As Eugene noted a while back here on the VC, he helped author (and I co-signed) an amicus brief in the case of Schwarzenegger v. Entertainment Merchants Ass’n, to be heard by the Supreme Court this Term (oral argument set for Nov. 2), urging the Court to affirm the Ninth Circuit’s holding that the California statute (prohibiting the sale of “violent video game[s]” that “appeal to the deviant or morbid interest of a minor”) is unconstitutional under the First Amendment. Modesty may have prevented Eugene from more vigorously extolling the quality of the brief, but since I had little to do with authorship, I can do so. It’s a very well-constructed argument, and worth reading if you’re interested in the First Amendment and the current state of the doctrine.
The doctrinal problem, for opponents of the law (like us), is that the Court some time ago, in Ginsberg v. New York, upheld a NY statute banning sale of “depictions of nudity, sexual conduct, and sadomasochistic abuse” that “appeals to the prurient interest of minors,” in a manner “patently offensive to the prevailing standards in the adult community,”; the State, therefore, has a very plausible argument, which it is advancing, that this statute, which simply applies the Ginsberg formula to violent video games, is constitutional.

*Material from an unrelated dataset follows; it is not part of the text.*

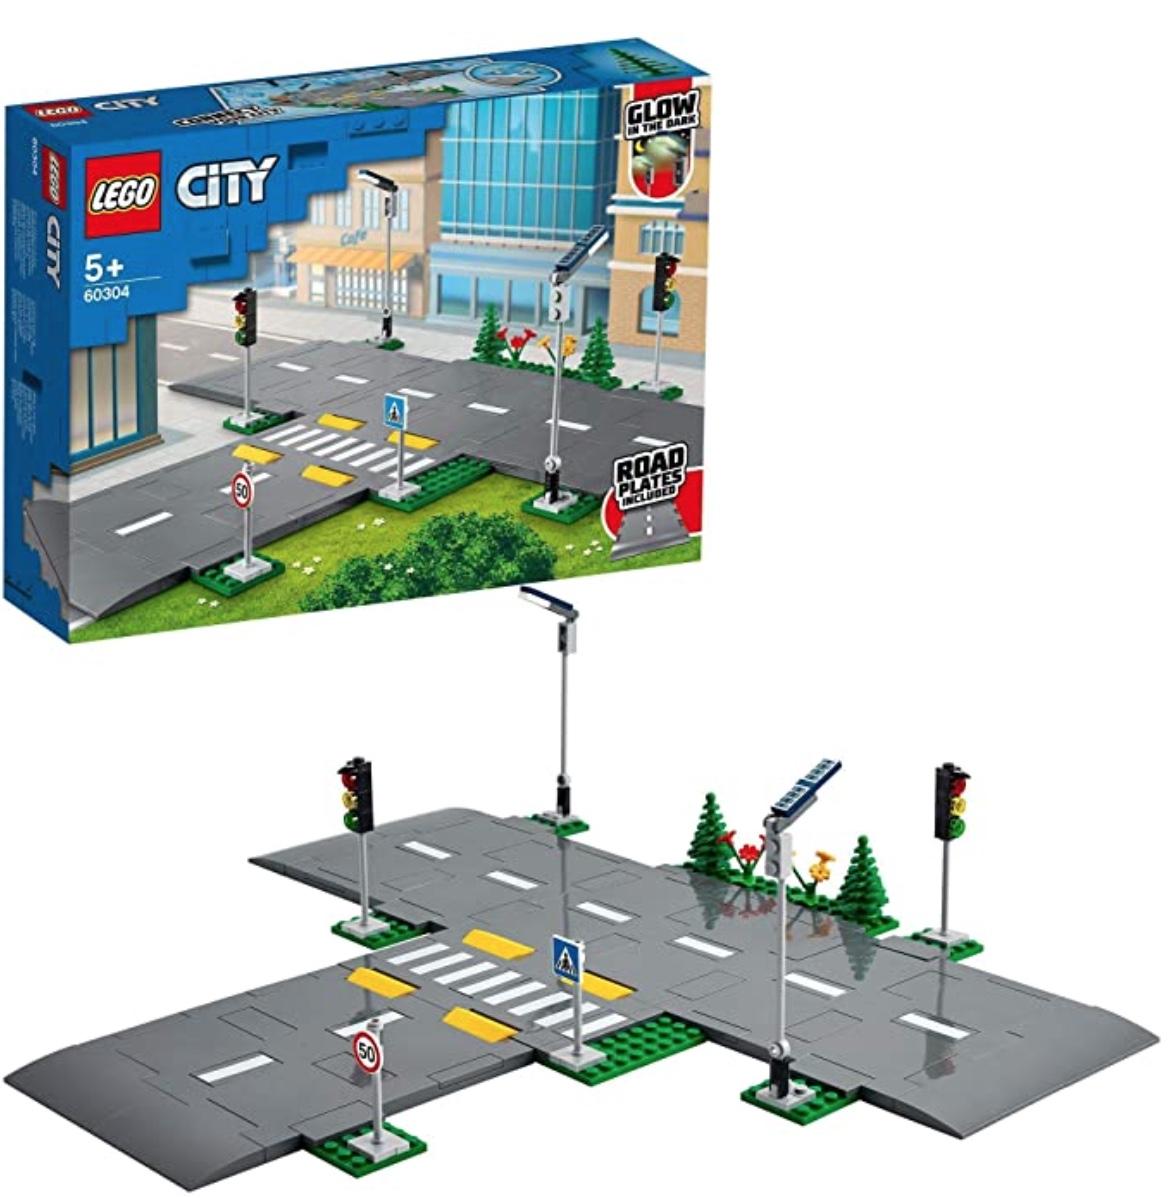 LEGO 60304 City Straßenkreuzung mit Ampeln für nur 12,99 Euro

The solution, which is very nicely carried off, is to emphasize that while one can perhaps speak credibly about the existence of a rough social consensus about what constitutes an offensive depiction of sexual conduct — at least, within communities, and at the core, if not always at the margins, — there’s no corresponding consensus about “violent video games”; these are, after all, cartoon characters we’re talking about, and when they blow each others’ heads off and perform other unspeakable acts on screen, there are many, many people who regard that as just part of a game without the slightest reference to anything in the real world. (Although the brief doesn’t quite come out and say this, it makes a passing reference to the piquancy of having Mr. Schwarzenegger on the opposite side on this issue; there may well be people out there who feel that the events depicted in some of the Governor’s films — the Terminator series, for instance — are unspeakably cruel and vicious, as indeed they would appear if we believed, for even a split second, that they were depicting actual events (as opposed to computer-generated play events); but there is, and probably can never be, a real community consensus on the matter. It’s a different sort of line-drawing exercise than one faces in the context of sexually-suggestive material, because it is not a line that shifts in small increments — either you think it’s “just a game” (and therefore can tolerate depictions of pretty much anything) or you don’t (in which case the chopping off of heads and disembowelings are all far over the line).
It’s a good argument to deal with an unfortunate precedent. A lot of us can make the argument that Ginsberg was wrongly decided – but it’s much harder to take it as governing law (as one must, in a real case as opposed to the classroom) and argue out from under it, but this is a nice example of the genre.